Figure 5.. Inhibiting Rac-mediated cell stiffness reduces the susceptibility of AMD ECs to complement injury

(A) Rac activity in choroidal ECs was measured using Rac G-LISA activation assay, which revealed a 3.6-fold increase (p<0.01) in Rac activity in AMD ECs when compared with YN cells. Bars indicate mean ± sem. (B) Phalloidin staining of AMD ECs treated with pharmacological Rac inhibitor (NSC23776; 1 mM) shows disruption of peripheral actin by Rac inhibition. (C) AFM was used to measure the stiffness of AMD ECs treated with or without NSC23776. Quantitative analysis of multiple (n≥60) force indentation measurements indicated that Rac inhibition significantly reduced cell stiffness. (D) Representative fluorescence images of phalloidin-labeled AMD ECs and quantitative analysis of F-actin integrity (box plot; n>100 cells/condition) show that inhibiting Rac-mediated cell stiffness significantly prevented complement injury in AMD ECs. Scale bar, 25 μm.

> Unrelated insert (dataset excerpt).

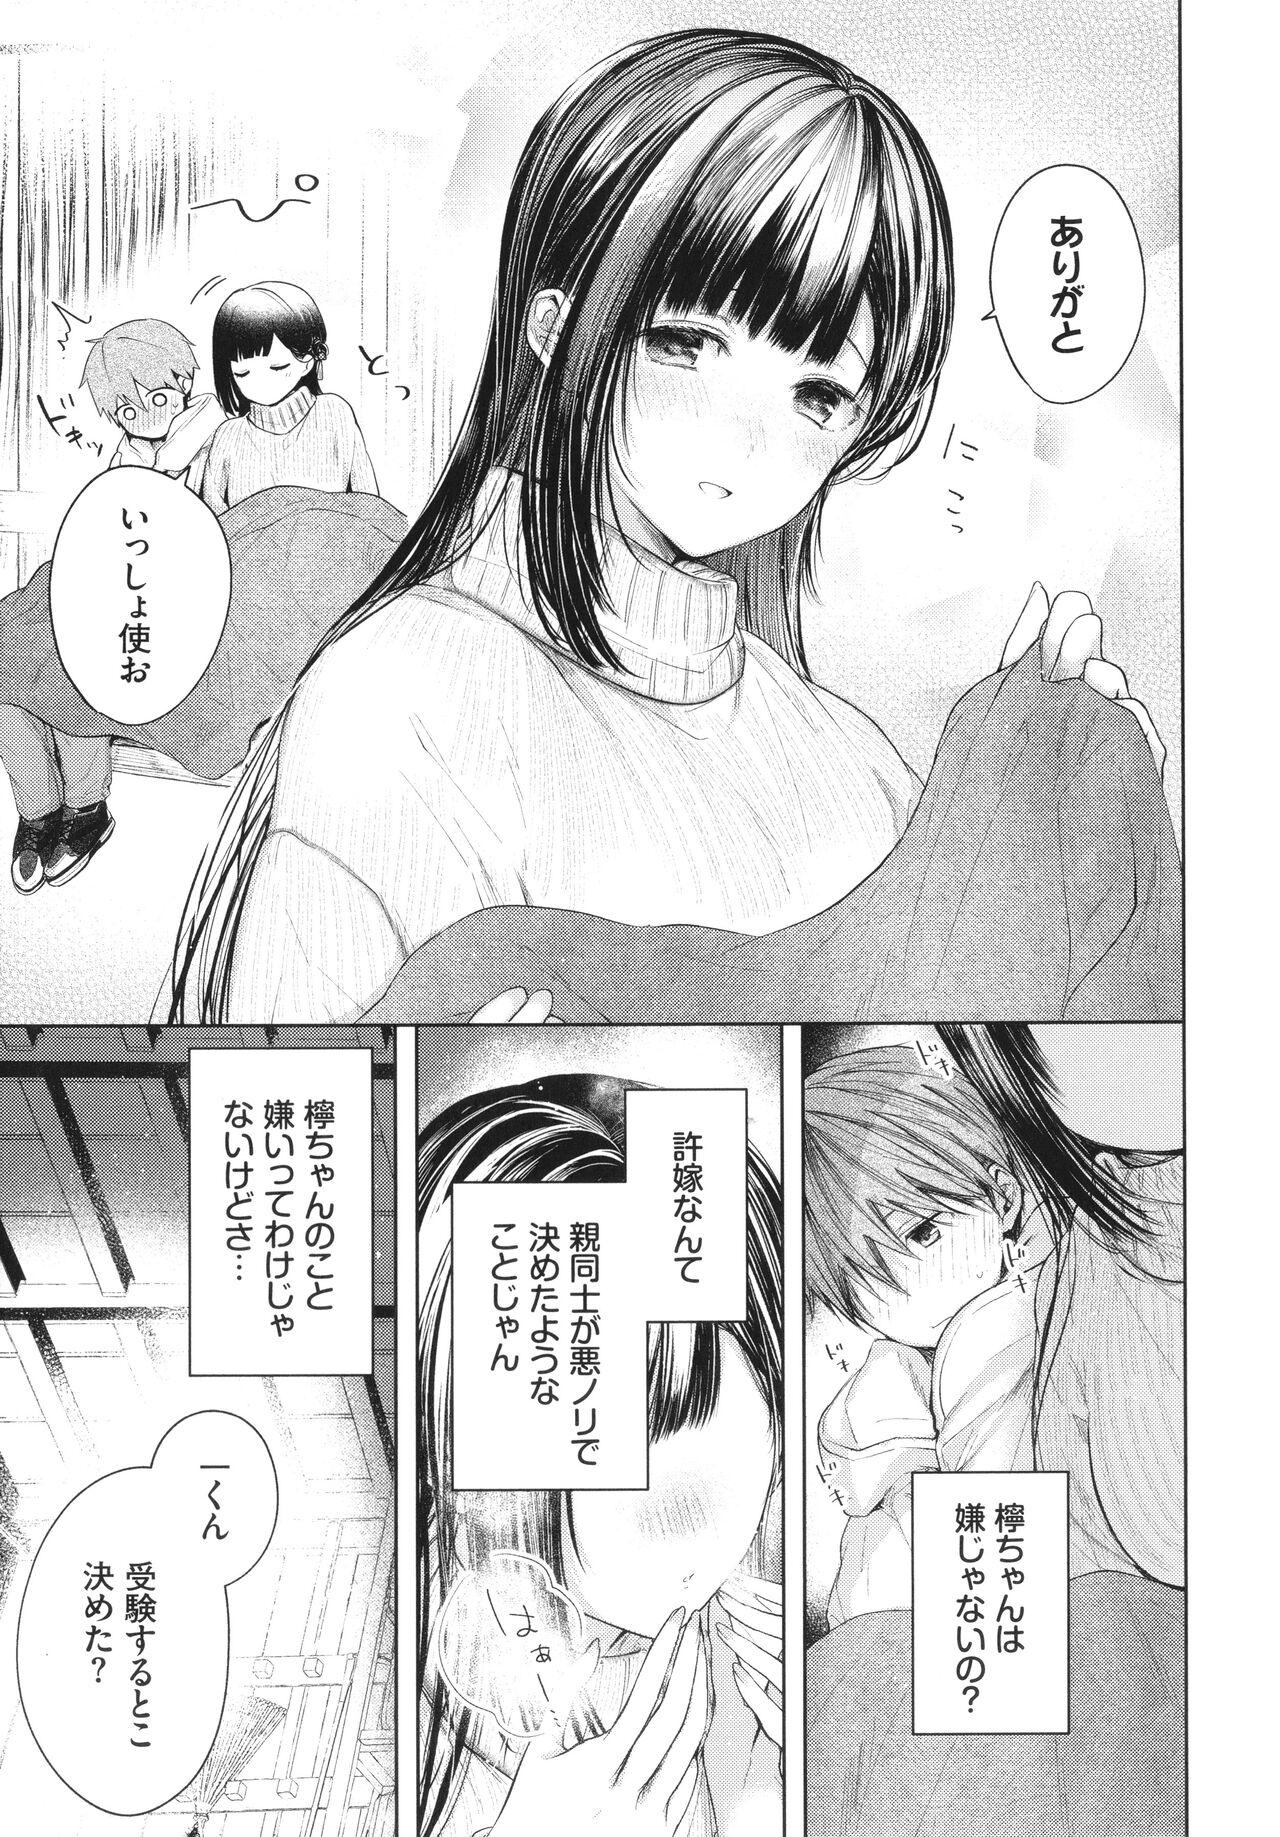 Shaking Ii mo Amai mo Kimi to Dake. - You're the only one I love. Mediumtits - Page 8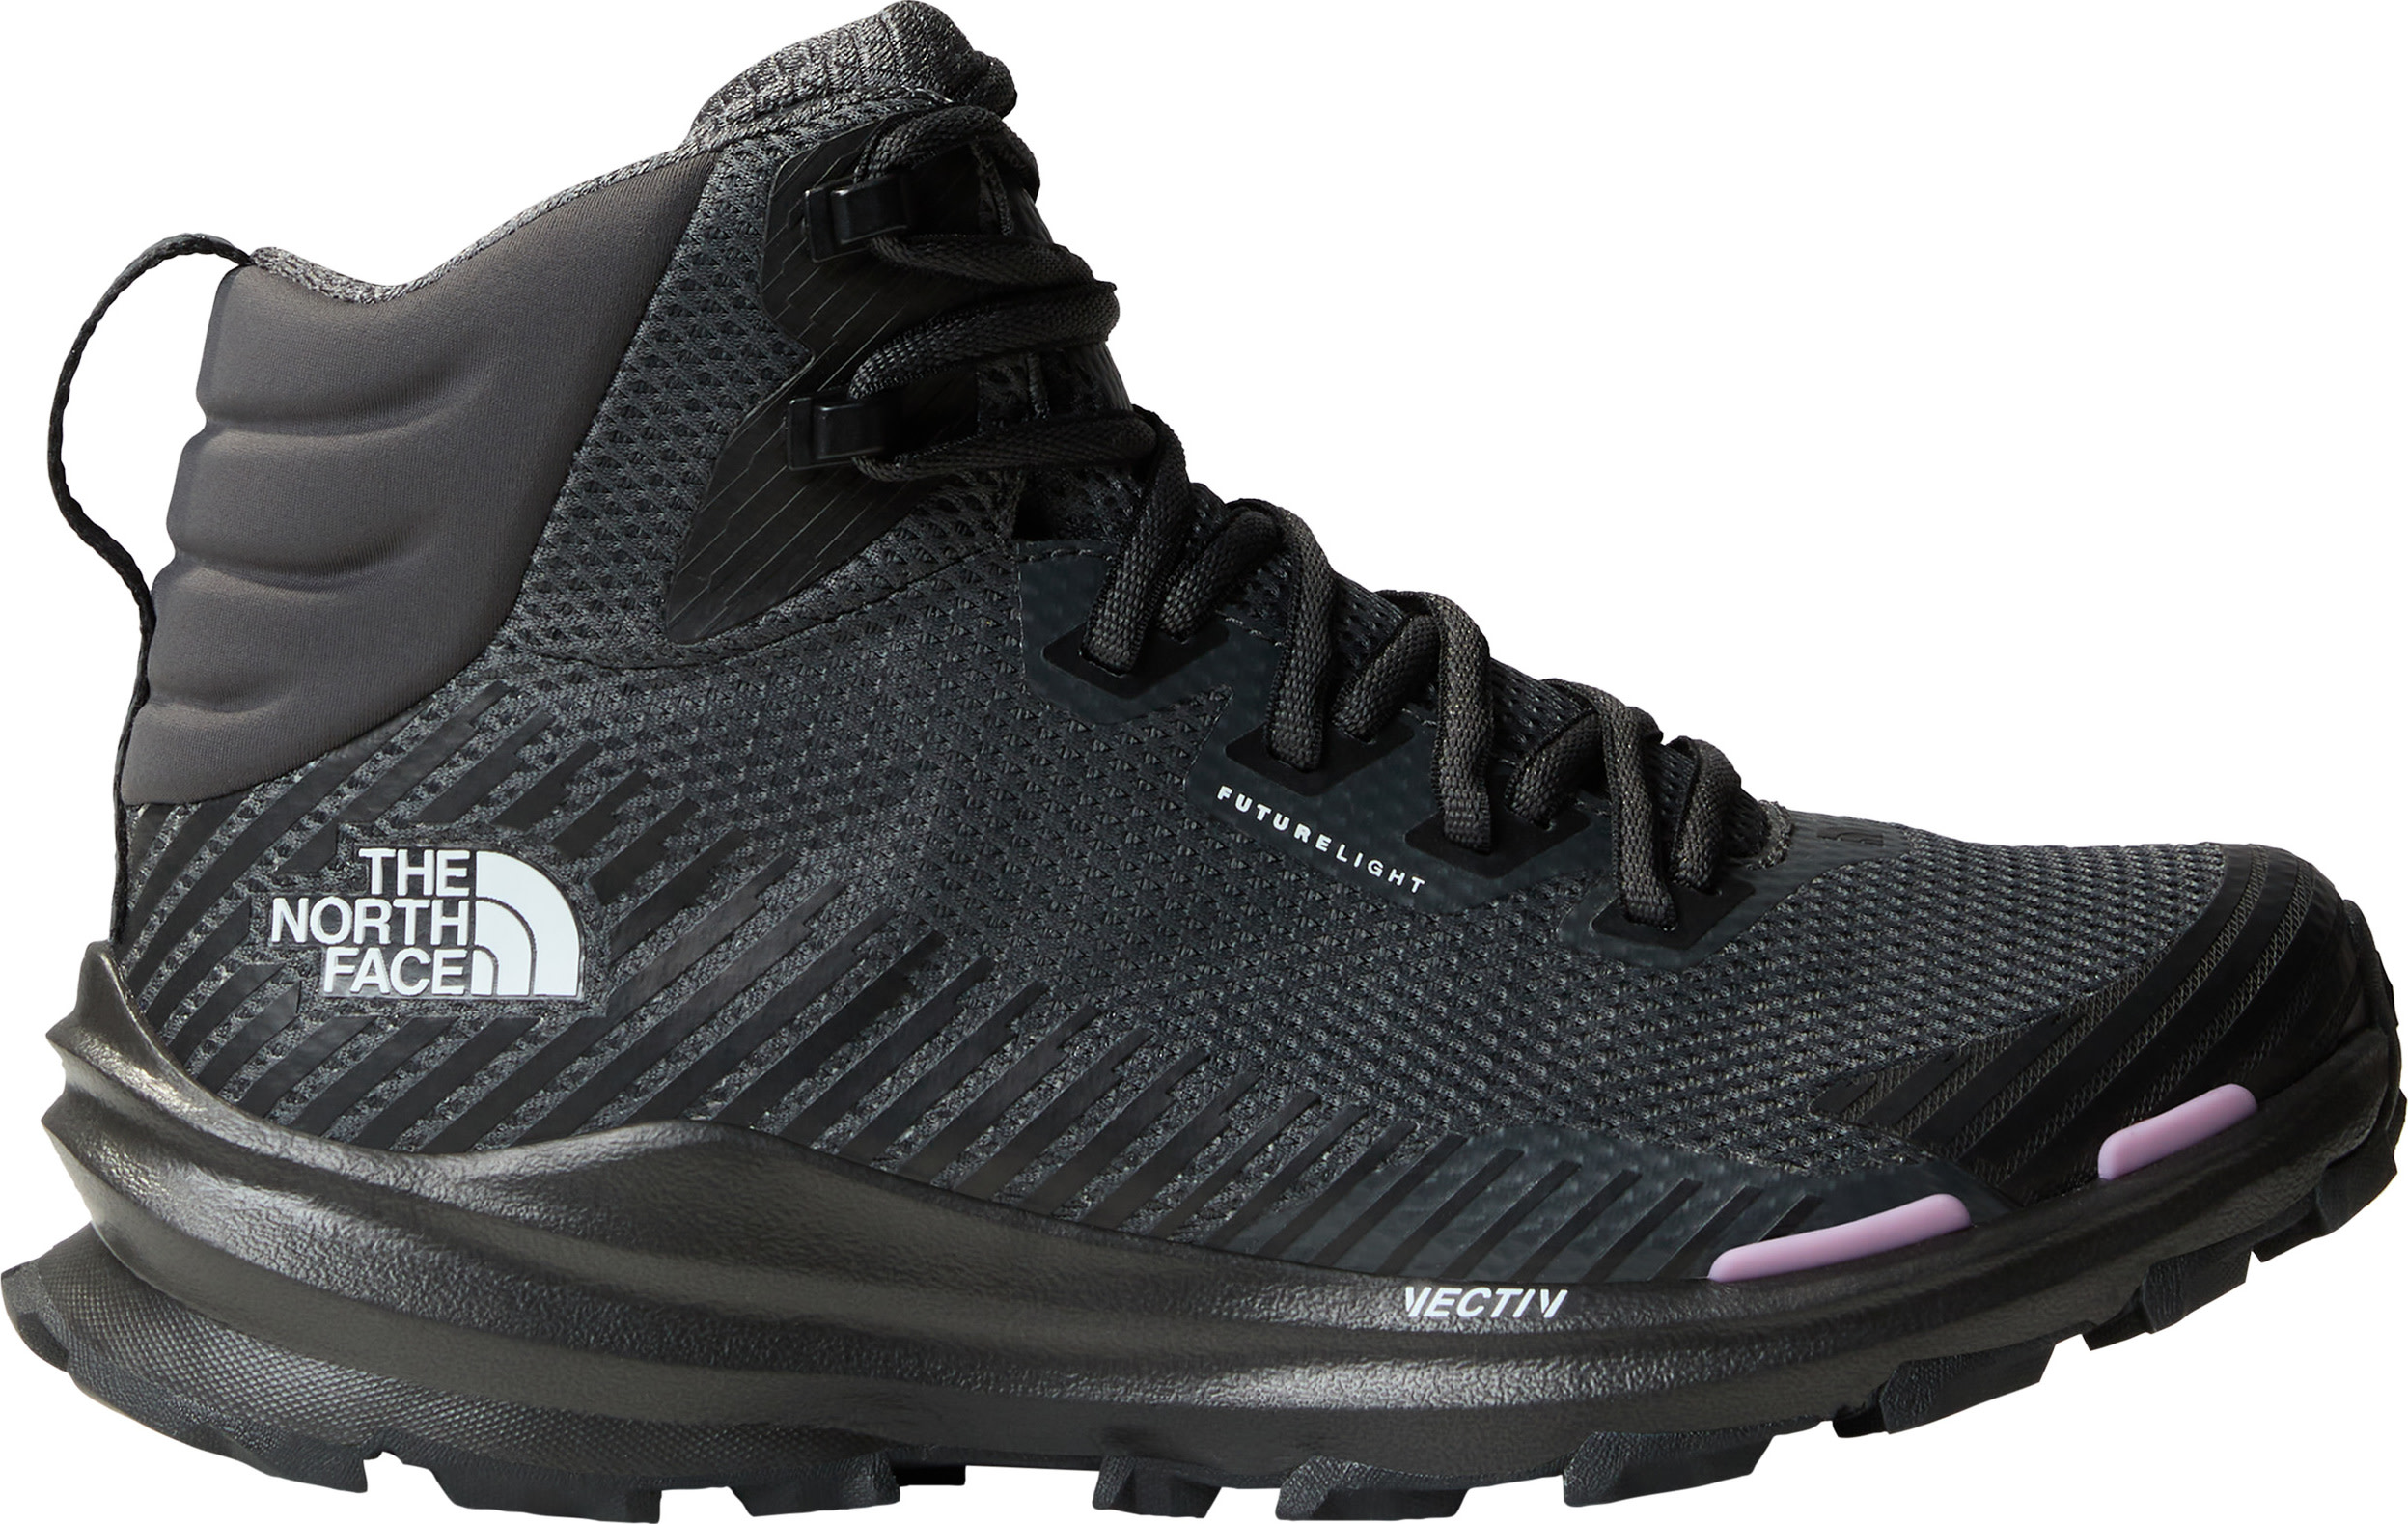 Women’s Vectiv Fastpack Futurelight Hiking Boots Tnf Black/Asphalt Grey

Figure 6.. RhoA confers YN ECs protection against complement injury

(A) RhoA activity in choroidal ECs was measured using RhoA G-LISA activation assay, which revealed a ~60% decrease in Rho activity in AMD ECs when compared with YN cells (p<0.05). Bars indicate mean ± sem. (B) Representative western blot bands (18 kDa) for phosphorylated MLC (pMLC) and their densitometric analysis (mean ± SD) normalized to total MLC shows that MLC phosphorylation is reduced by ~50% in AMD ECs (p<0.001). (C) Phalloidin staining of YN ECs treated with pharmacological ROCK inhibitor (Y27632; 100 μM) shows disruption of longitudinal actin stress fibers by RhoA/ROCK inhibition. (D) YN ECs were co-treated with NHS and Rho/ROCK inhibitor Y27632 (100 μM). Representative fluorescence images of phalloidin-labeled cells and quantitative analysis of F-actin integrity (box plot; n>100 cells/condition) show that inhibiting RhoA/ROCK-mediated contractility caused an ~40% increase in complement injury in YN ECs (p<0.001). Scale bar, 25 μm.